Стихи Алексея Ушакова — это мир чистой лирики, настолько тонкой, что, кажется, даже хруст ветки под чьей-нибудь неосторожной ногой может нарушить его хрупкое равновесие. Что бы ни делал автор, — осмысливал ли свое настоящее, вспоминал ли свое прошлое, представляя себя одним из героев Ремарка, — в каждом тексте мы чувствуем натянутую до предела лирическую струну, или же — тот самый поэтический нерв, без которого поэзия превращается в филологическую игру. Эти суггестивные стихи «зайдут» далеко не каждому, но те, кто умеет воспринимать «чистые ноты», их услышат.
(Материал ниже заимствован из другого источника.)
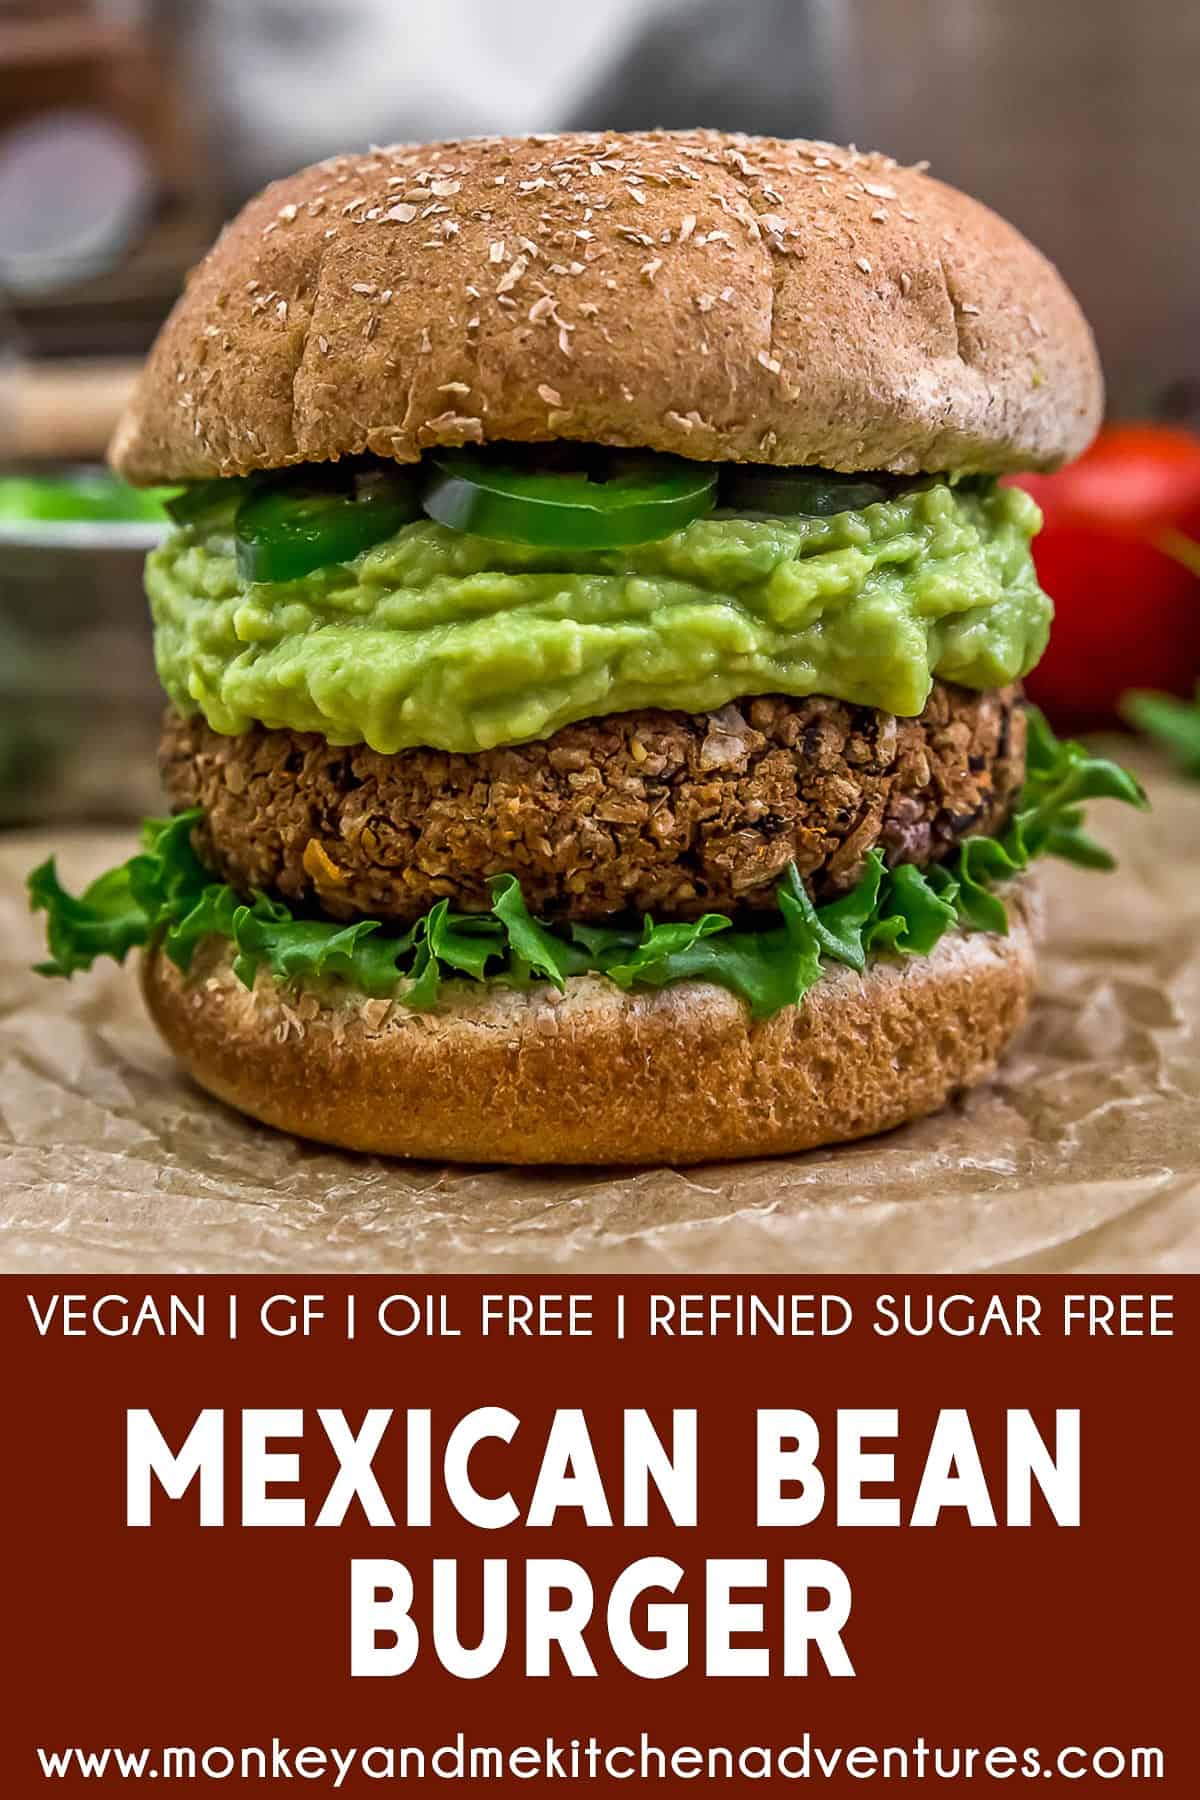 Mexican Bean Burger with text description

А как иначе, если — «основа основ — это все же любовь / а поэзия требует нерва».
Яна-Мария Курангалина
Алексей Ушаков — поэт, прозаик, автор сценариев для телесериалов, музыки для спектаклей и кино, либретто балетов. Родился и вырос в Москве. Учился в театральной школе № 123. Работал в московских театрах, на радио, в кино и на телевидении. Автор и режиссёр видеопоэтических клипов, лауреат фестивалей видеопоэзии «Пятая нога», «Циклоп» и др. Организатор и руководитель конкурса видеопоэзии Волошинского фестиваля в 2011–2013 гг.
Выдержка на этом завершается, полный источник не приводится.